We also trained a set of validation embeddings only on ICD-10 codes using the Med2Vec architecture as a comparison.  We trained the Med2Vec model on our data using its default settings, including the default vector size (200) and a training regime of 10 epochs.  We grouped all codes occurring on the same calendar date as Med2Vec ‘visits.’  Our Med2Vec model benchmark did not include categorical entities or other novel innovations.

Word2Vec embeddings were generated using the GenSim package in Python.  Med2Vec embeddings were generated using the Med2Vec code published by Choi.  The JSON files used in this repository were generated using the JSON package in Python.

Usage notes

This dataset contains pretrained embeddings for ICD-10 codes and Clinical Classification Software (Refined) categories.

The core file in this dataset is the associated embeddings.json file.  This file contains all embeddings described in our article, entitled Exploiting Hirearchy in Medical Concept Embeddings.

Embeddings follow either the ICD-10 coding standard or CCSR category labelling defined in the 2021.1 version of that software.  To download maps from ICD-10 codes to CCSR categories, please visit the H-CUP downloads page here.

This dataset is structured as a multilevel JSON file.

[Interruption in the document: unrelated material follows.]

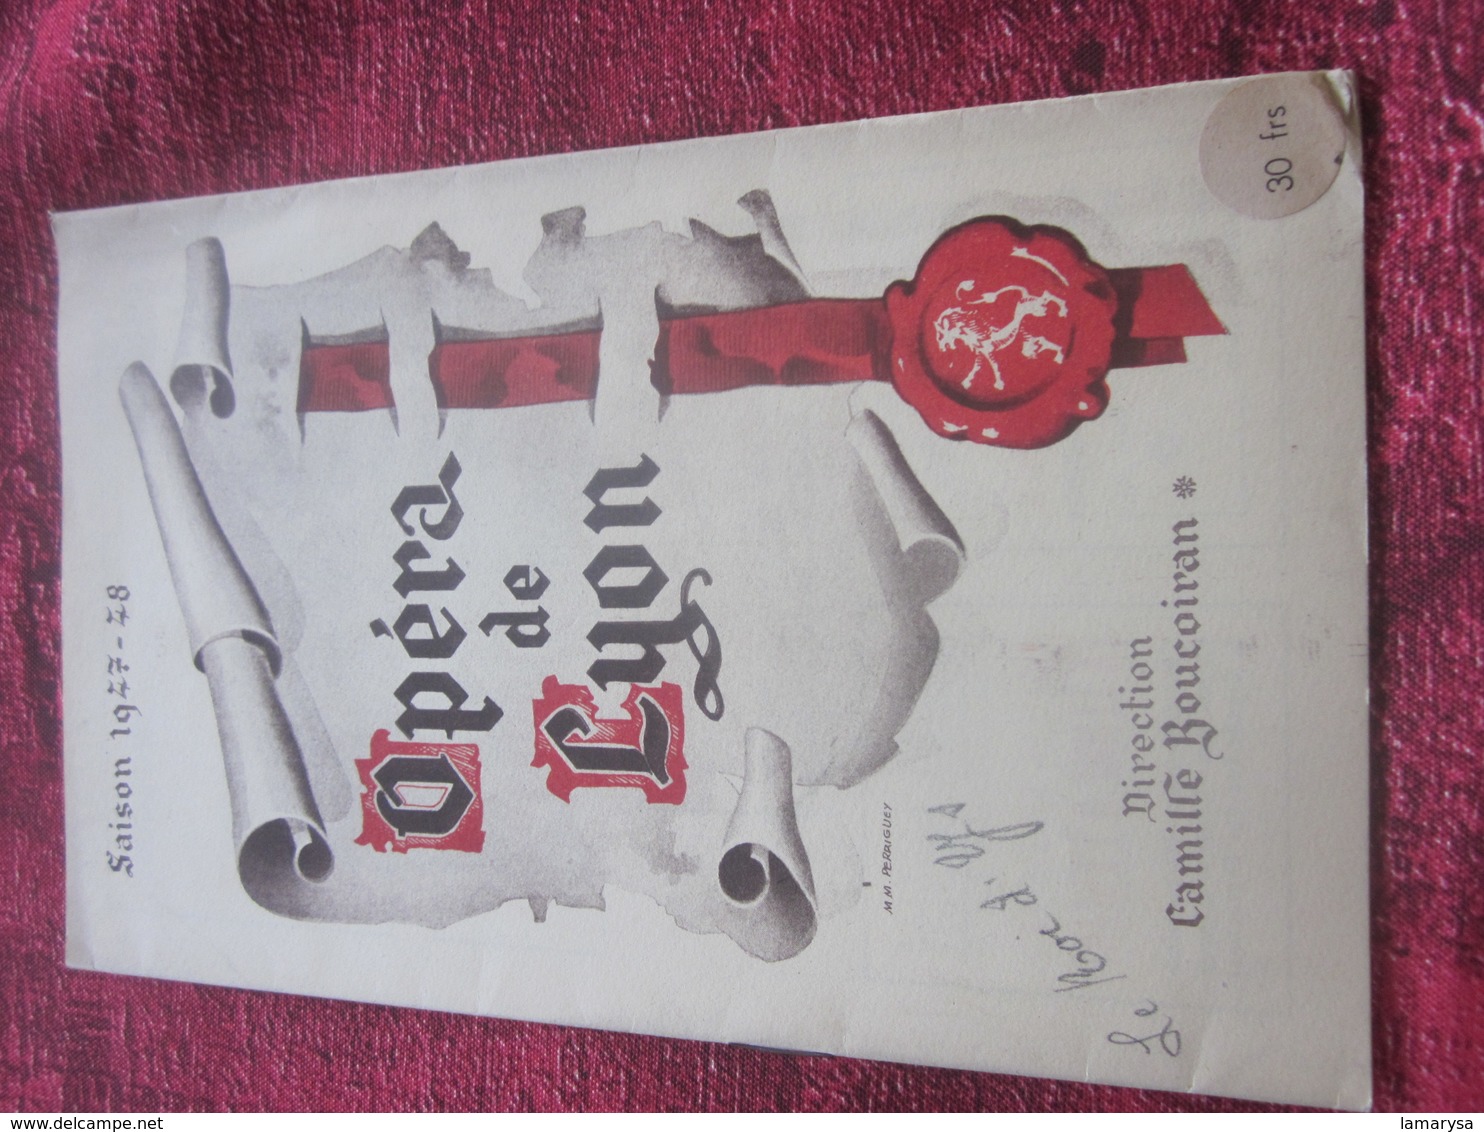 1947/48-LE ROI D'YS-DANSE BRETONNE PROGRAMME OPÉRA De LYON-SPECTACLE-PHOTOS ARTISTES COMÉDIENS -ACTEURS-DANSE-PUBLICITÉ - Programmes

The first level of keys indicates the relevant set of embeddings.  Keys are structured as:

<Algorithm>_<CO-trained or SEParately-trained><_cat if the set is of CCSR categories instead of ICD-10 codes>_embeddings_<Embedding dimension>

For example:

* CBOW_CO_embeddings_10 indicates that the set under this key contains ICD-10 codes (no _cat_ tag) trained using the Continuous Bag-of-Words (CBOW) algorithm without co-training the CCSR categories (SEP).  The embeddings are 10-dimensional (_10).

* SG_SEP_cat_embeddings_100 indicates that the set under this key contains CCSR category embeddings (_cat_ tag) trained using the Skip-Gram (SG) algorithm while co-training with the CCSR categories (CO).  The embeddings are 100-dimensional (_100).

The final key is Med2Vec_embeddings_200.  This set contains 200-dimensional ICD-10 embeddings trained using the Med2Vec model without co-training the CCSR categories.  These embeddings were used as a comparison dataset only.


Under each key is a secondary JSON dictionary.  These dictionaries each contain either 5428 ICD-10 codes or 394 CCSR categories, depending on whether the set in question is a code set or a category set.


Under each code or category key there is a list of k elements, where k is determined by the dimensionality of the embedding space (e.g. 10 for CBOW_CO_embeddings_10).  Keys under this list are numbered 1-k, with each key containing a number that represents the relevant coordinate in embedding space.  Please note that keys for Word2Vec models are stored in standard decimal notation, with double-quotation wrappers.  However, Med2Vec embeddings are stored in scientific notation (e.g. -3.858267374185924e-48) without string markers.  This standard was automatically generated by the Python JSON package and is readily interpretable by that package.

For additional detail on using this package, please refer to the README file.